REPUBLIKA.CO.ID, WASHINGTON -- Presiden Amerika Serikat (AS) Donald Trump mengatakan kepastian tentang penyelenggaraan KTT Korea Utara (Korut)-AS di Singapura pada 12 Juni mendatang akan ditentukan pekan depan. Trump mengatakan, potensi penyelenggaraan KTT Korut-AS masih cukup baik.
Kendati demikian, ia belum dapat memastikan apakah KTT akan digelar sesuai tempat dan waktu yang direncanakan. (Baca: Korut Serius Ancam Batalkan KTT dengan AS)
"Apa pun itu, kita akan tahu pekan depan tentang Singapura. Dan jika kita pergi (ke KTT), saya pikir itu akan menjadi hal yang hebat bagi Korut," ujar Trump ketika diwawancara awak media pada Rabu (23/5).
Menurut sejumlah pejabat AS, beberapa pejabat Gedung Putih akan melakukan perjalanan ke Singapura akhir pekan ini. Mereka akan bertemu dengan para pejabat Korut untuk membahas agenda dan keperluan logistik dalam KTT tersebut.

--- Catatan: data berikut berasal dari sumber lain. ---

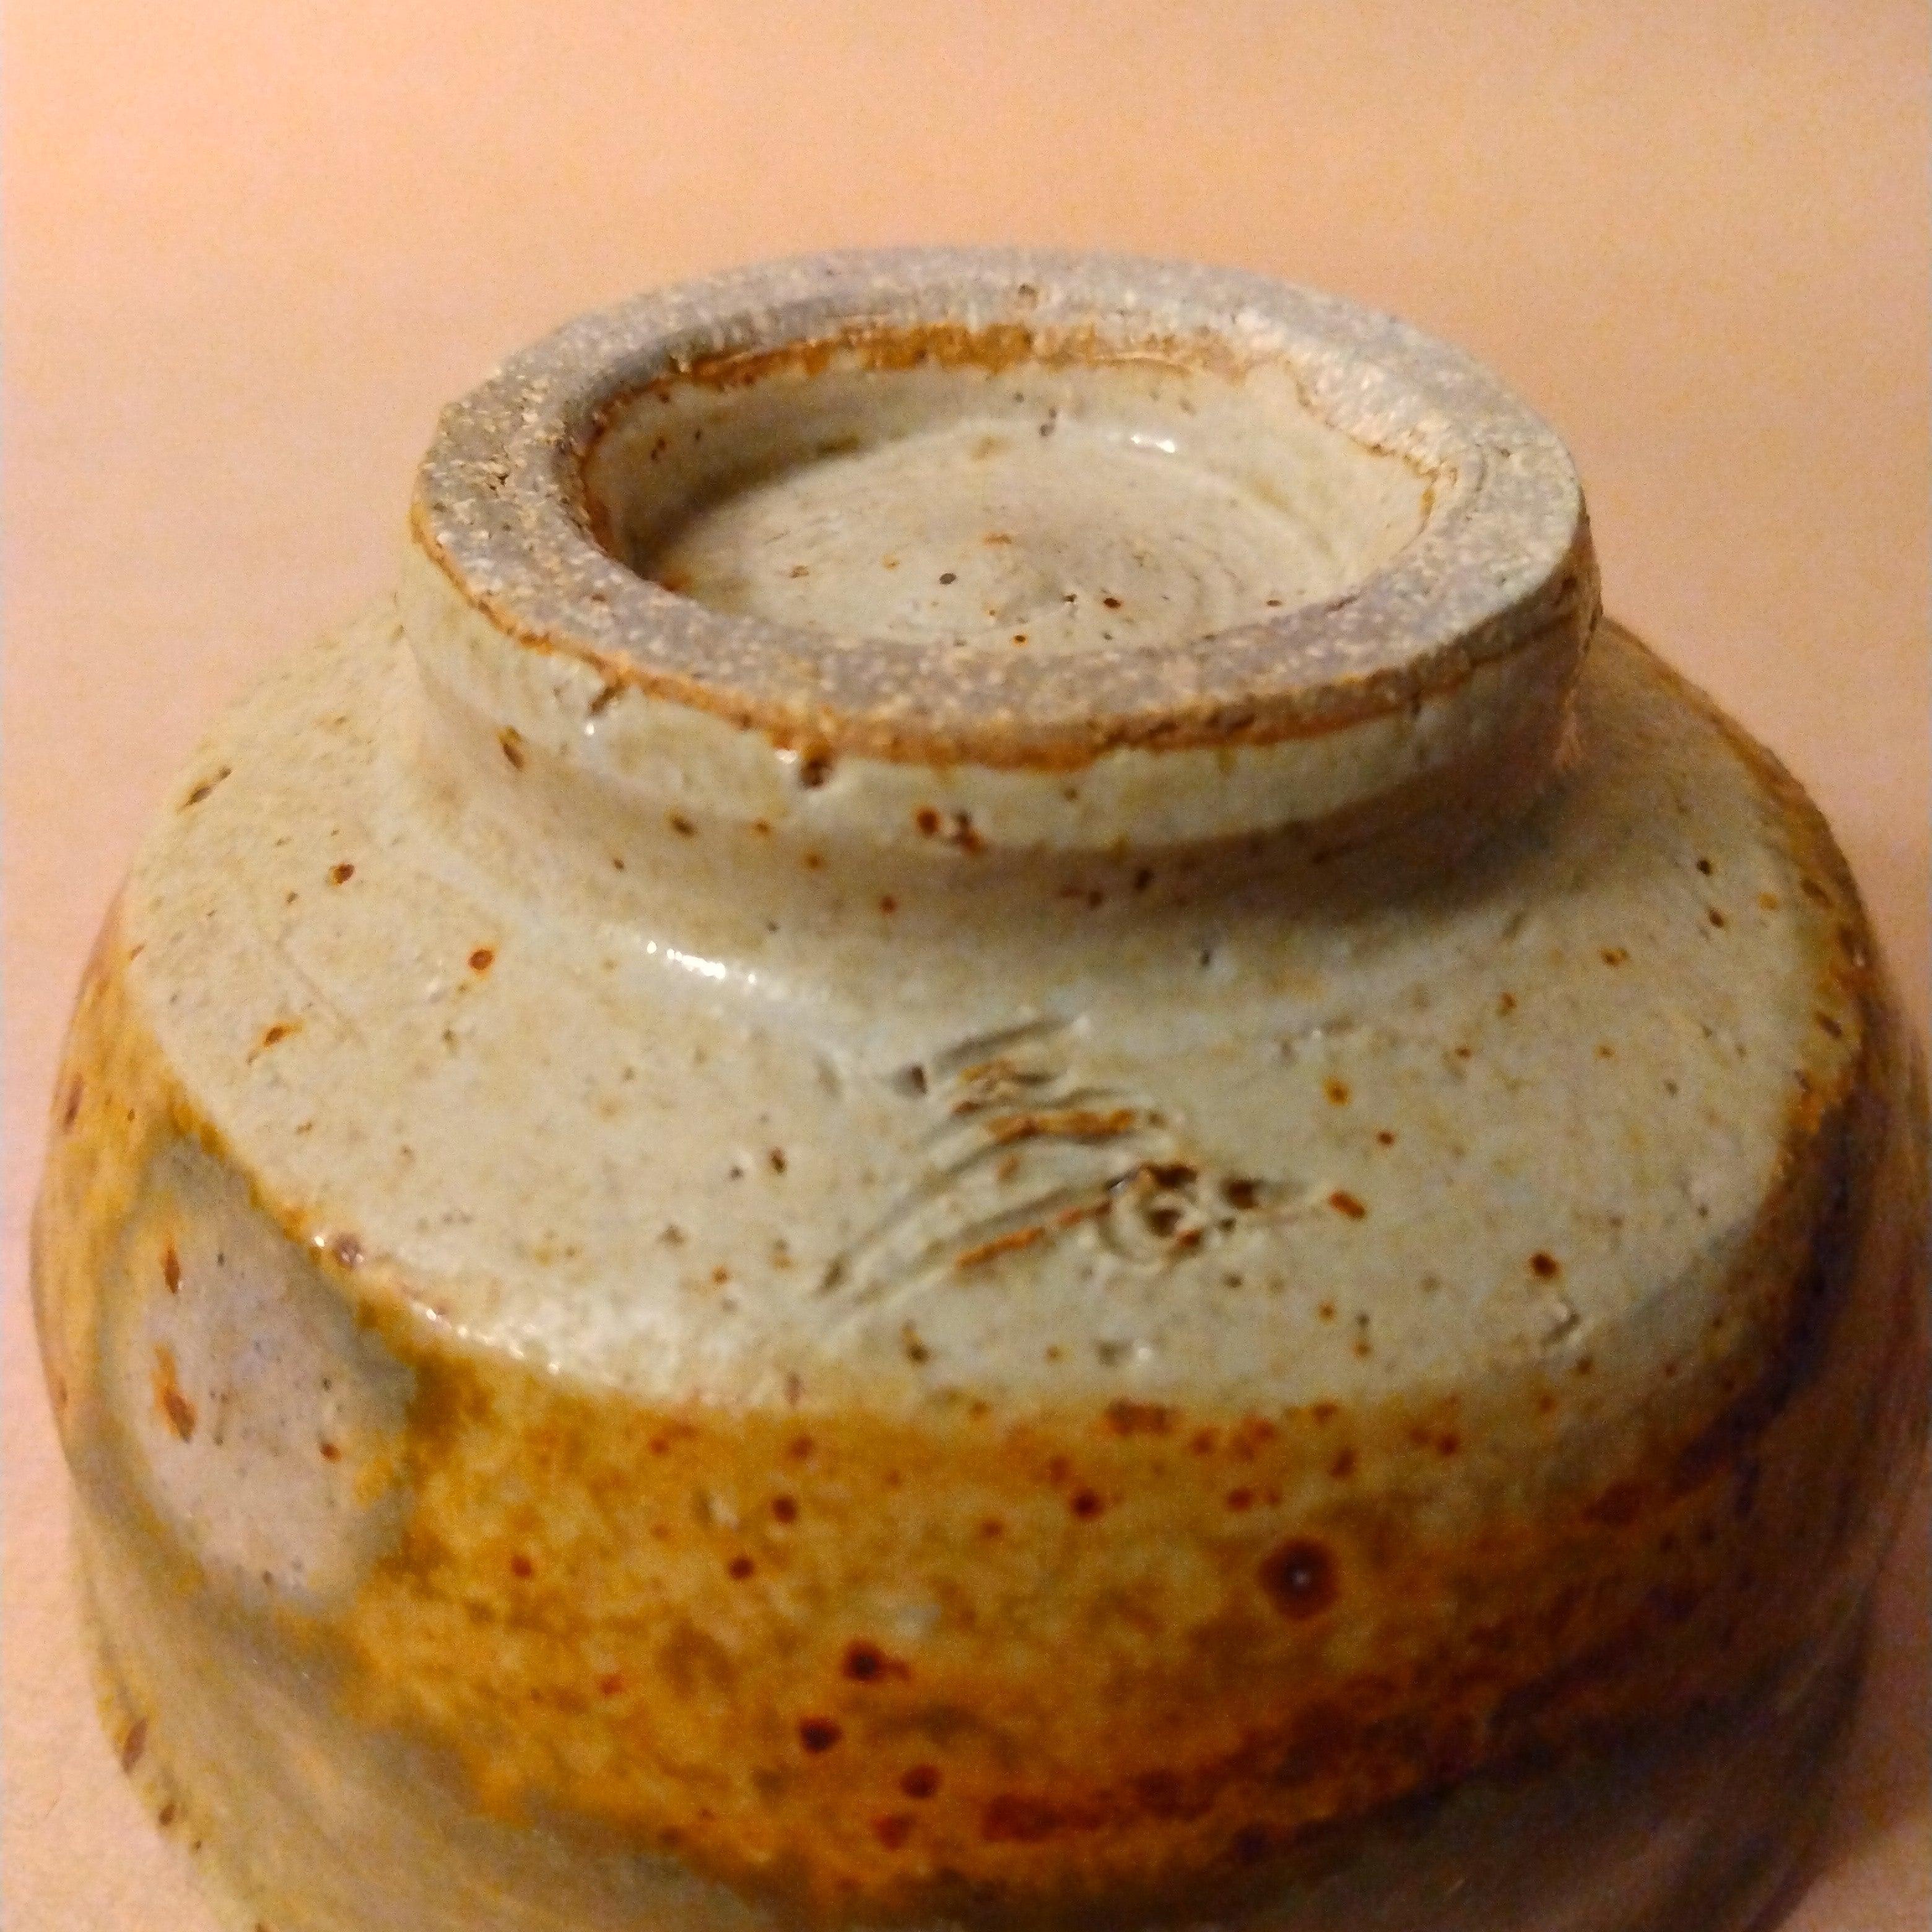 Guinomi, Sake Cup, by John Miller

Ketika bertemu dengan Presiden Korea Selatan (Korsel) Moon Jae-in di Gedung Putih pada Selasa (22/5), Trump mengungkapkan keraguannya tentang penyelenggaraan KTT Korut-AS. Hal ini terjadi setelah Korut mengancam akan menarik diri dari KTT tersebut.
Namun hal tersebut dilakukan Pyongyang bukan tanpa alasan. Mereka gusar karena AS dinilai terlalu berhasrat melucuti senjata nuklirnya. (Baca: Parlemen Inggris Desak Penjualan Senjata ke Israel Dihentikan)
Hal ini pun diperparah ketika Penasihat Keamanan Nasional AS John Bolton dan Wakil Presiden AS Mike Pence mengatakan proses denuklrisasi Korut dapat mengikuti gaya Libya era Muamar Gaddafi. "Mengingat komentar dari politisi tingkat tinggi AS yang belum terbangun dari realitas yang keras ini dan membandingkan Korut dengan Libya yang menemui nasib tragis, saya jadi berpikir bahwa mereka tahu terlalu sedikit tentang kita," kata Wakil Menteri Luar Negeri Korut Choe Son Hui dilaporkan kantor berita Korut, Korean Central News Agency (KCNA).
Model denuklirisasi Libya mengacu pada negosiasi pada 2004. Kala itu AS berhasil melucuti komponen nuklir Libya yang masih dipimpin Muammar Gaddafi. Namun setelah perlucutan tersebut, Gaddafi, yang telah memerintah selama 42 tahun, digulingkan dan tewas pada 2011.
Peristiwa bersejarah ini yang menjadi perhatian dan kekhawatiran Korut bila menyerahkan senjata nuklirnya kepada AS. Oleh sebab itu, Choe Son Hui pun menyangsikan penyelenggaraan KTT Korut-AS akan bermanfaat, terutama untuk negaranya.
"Kami tidak akan meminta AS untuk berdialog atau menyusahkan untuk membujuk mereka jika mereka tidak ingin duduk bersama kami," ujarnya.
Ia menyatakan negaranya juga siap bila ternyata harus menghadapi AS dalam konfrontasi nuklir. "Apakah AS akan menemui kami di ruang pertemuan atau menemui kami di konfrontasi nuklir, sepenuhnya bergantung pada keputusan dan perilaku AS. Untuk meminjam kata-kata mereka, kami juga dapat membuat AS merasakan tragedi yang mengerikan yang belum pernah dialami atau bahkan dibayangkan hingga saat ini," katanya menegaskan.